Reid Priedhorsky wrote:
Hi folks,
In our ongoing research here at UMN, we've discovered some reverts that introduce apparent character set problems; what seems to happen is that some Unicode characters are replaced by a character I don't recognize followed by a hexadecimal number. For example:
http://en.wikipedia.org/w/index.php?title=Dog&diff=58851026&oldid=58...
What I see is that a sequence of five characters that I don't have glyphs for, which show up as five boxes with the numbers "010337 01033F 01033D 010333 010343" in them, is replaced with the sequence "?df37?df3f?df3d?df33?df43", where ? is not the question mark but a black diamond with a white question mark in it (a zero byte?).
Do any of you have pointers on information as to what is going on?
We are trying to devise a workaround that would result in revisions like this comparing identical.

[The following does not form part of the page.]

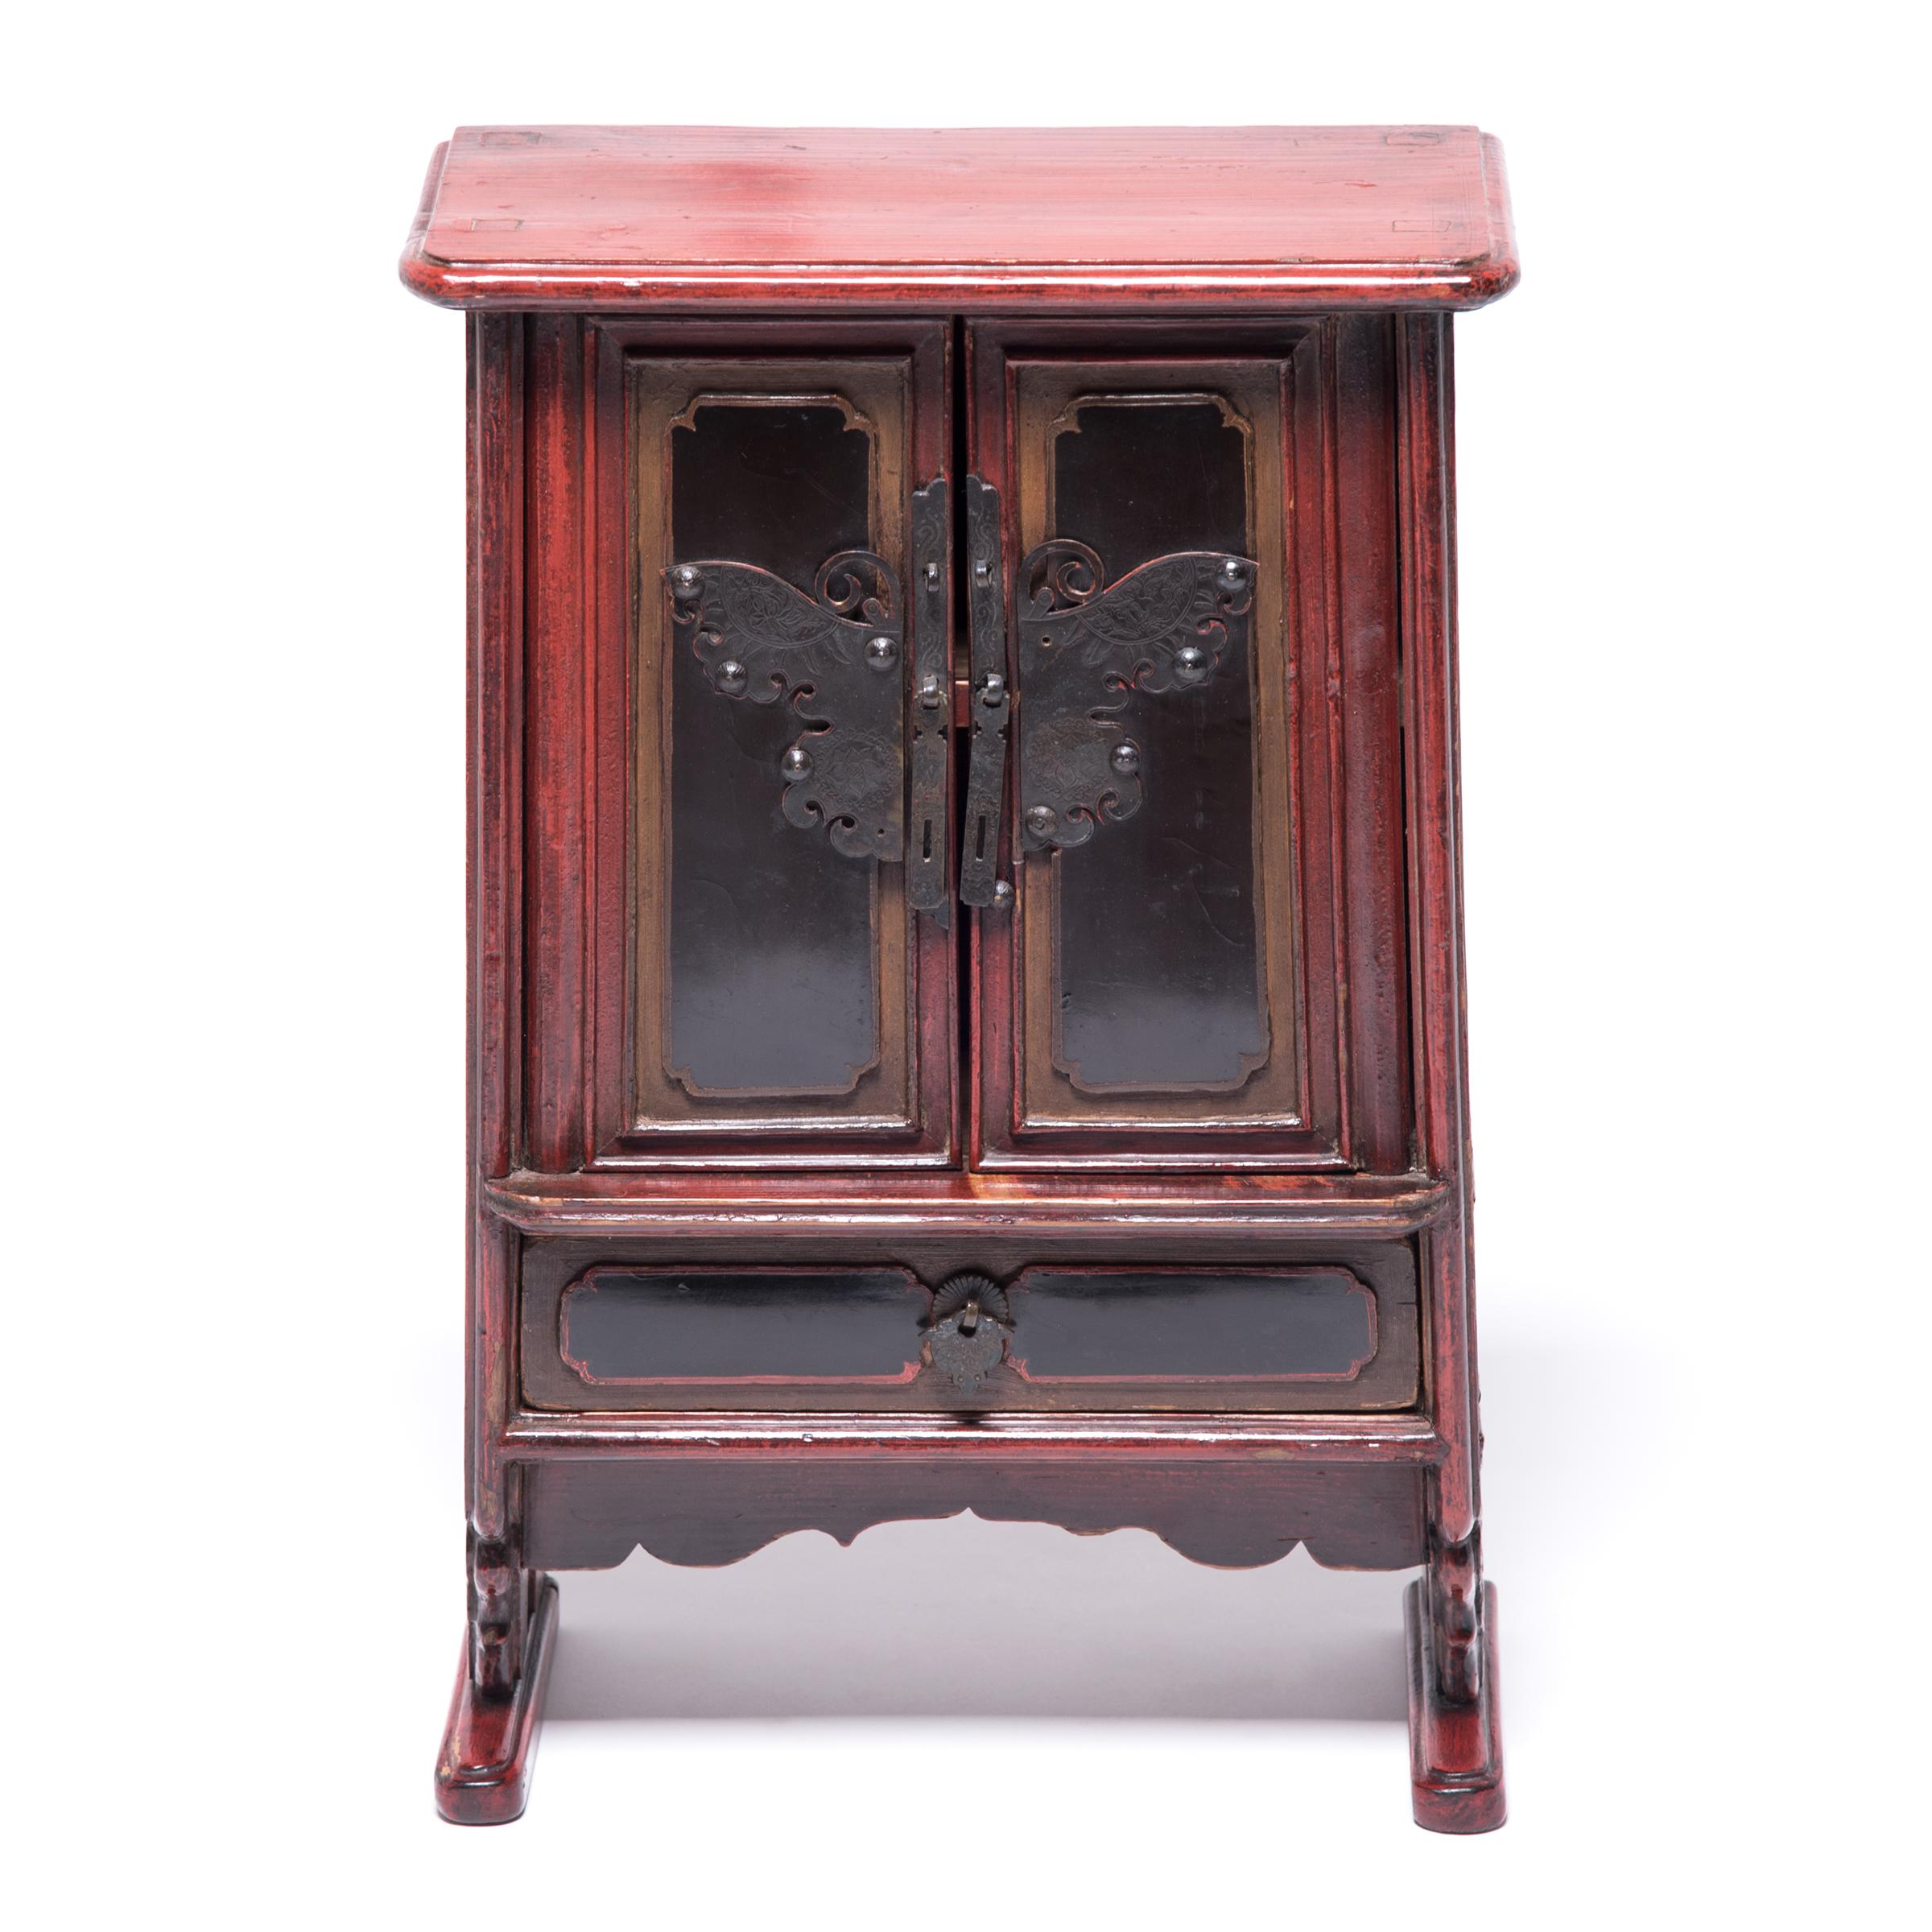 These late 19th century miniature tapered cabinets would have been kept in a woman's quarters, likely used as a jewelry box or cosmetics case. The carved door fronts are decorated with etched brass hardware in the shape of a butterfly, symbols of

The problem seems to be due to a bug in an old version of a Python library. See e.g.
http://en.wikipedia.org/wiki/Wikipedia:Administrators%27_noticeboard/Inciden...
There are a number of reports in the bot's talk page. Apparently it took a block and a WP:AN/I report before it was fixed. It looks like it's converting a surrogate pair to a replacement character (U+FFFD) and a hexadecimal codepoint.
-- Tim Starling